The developer reported a 14 per cent decline in profit to S$105.3 million for the quarter ended March 31, while revenue slid 11 per cent to S$723.3 million. It is expanding its fund-management platform and has completed two deals valued at S$2.6 billion since December 2014, the company said.
It is on target to grow fund assets under management to S$5 billion by 2018, Mr Kelley said, reiterating the company’s stated target.
City Development shares rose 1.5 per cent to S$8.26 at 10:44 am in Singapore trading, bringing the year’s gains to 8.4 per cent. The benchmark Straits Times Index has declined 3.6 per cent this year.
Mr Kelley said the developer is “aggressively” working on two joint-venture deals, similar to ones it undertook in the last couple of years, where it packaged some properties and sold stakes to help it free up cash, but will only seal them if the pricing is right.

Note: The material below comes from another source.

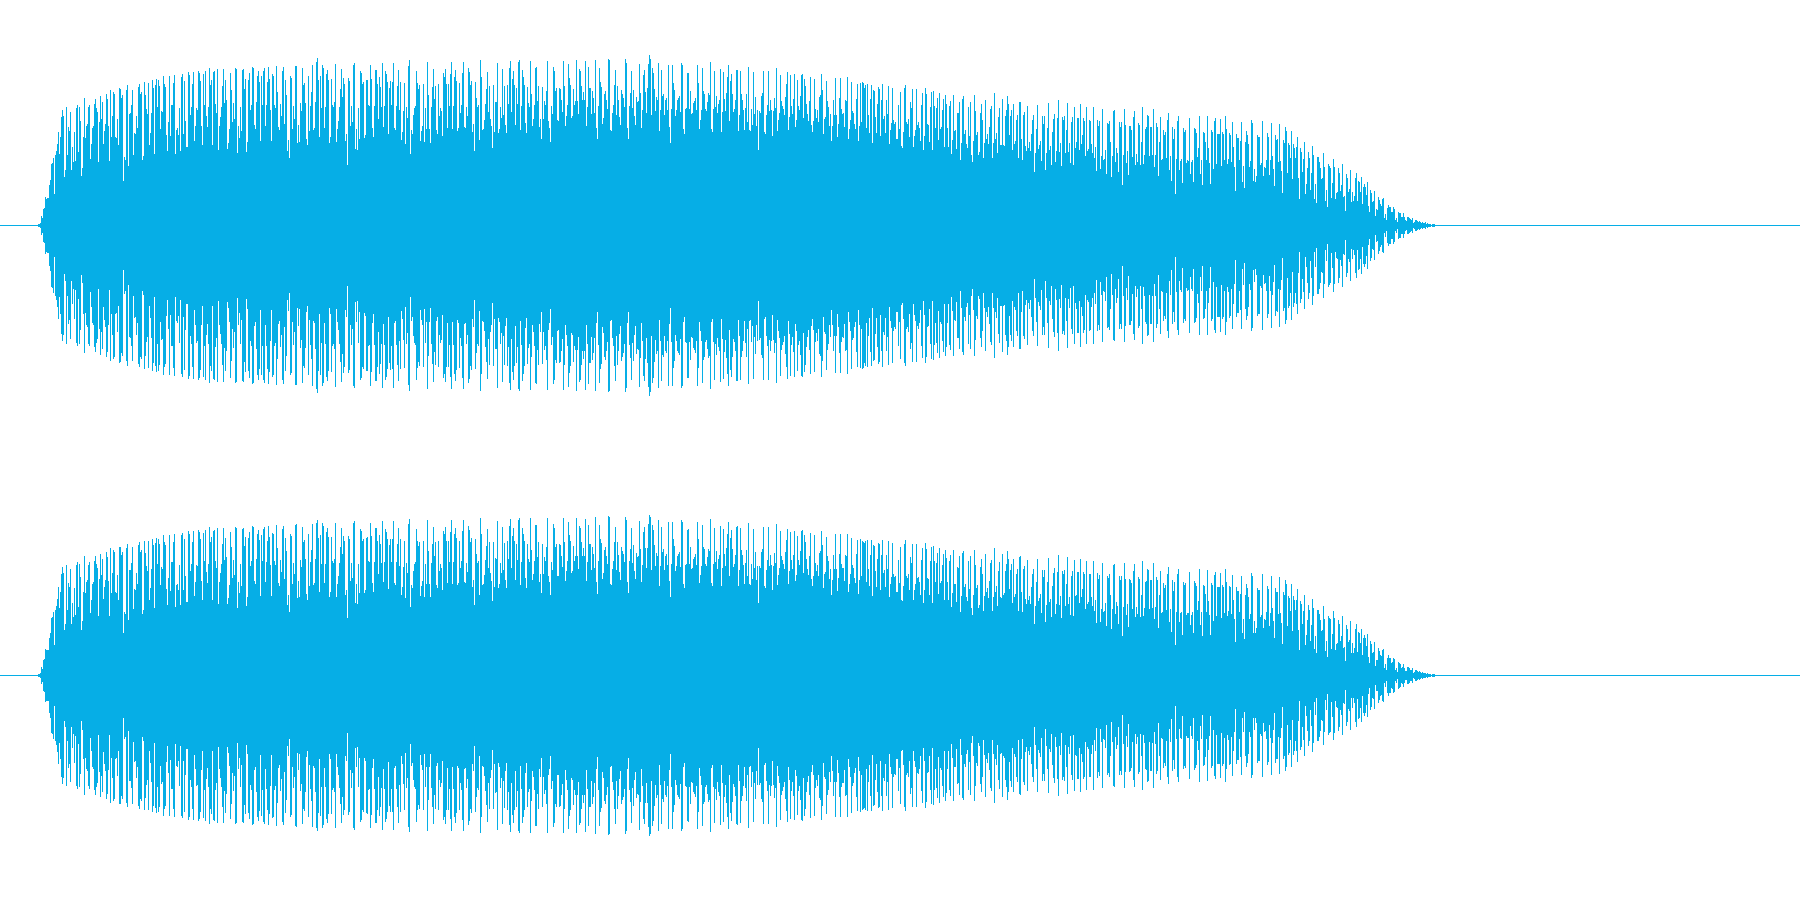 おぇ(不気味なモンスターの鳴き声)の再生済みの波形

It partnered with Blackstone Group LP and CIMB Bank Bhd in 2014 for S$1.5 billion of “profit participation securities” that invested in the cash flows of its luxury properties in Sentosa Cove. Last year, it bundled three office properties in the city-state and did a similar deal with Alpha Investment Partners valued at S$1.1 billion.
“We want to do more, but the asset market is coming down,” Mr Kelley said.
Even though income-yielding assets such as offices grew expensive after being sought by sovereign wealth funds as bond yields tumbled, they are expected to become cheaper when rates rise and funds divert money back to government debt for better risk-free returns, he said.
“This is a market to be an asset acquirer not an asset disposer,” Mr Kelley said.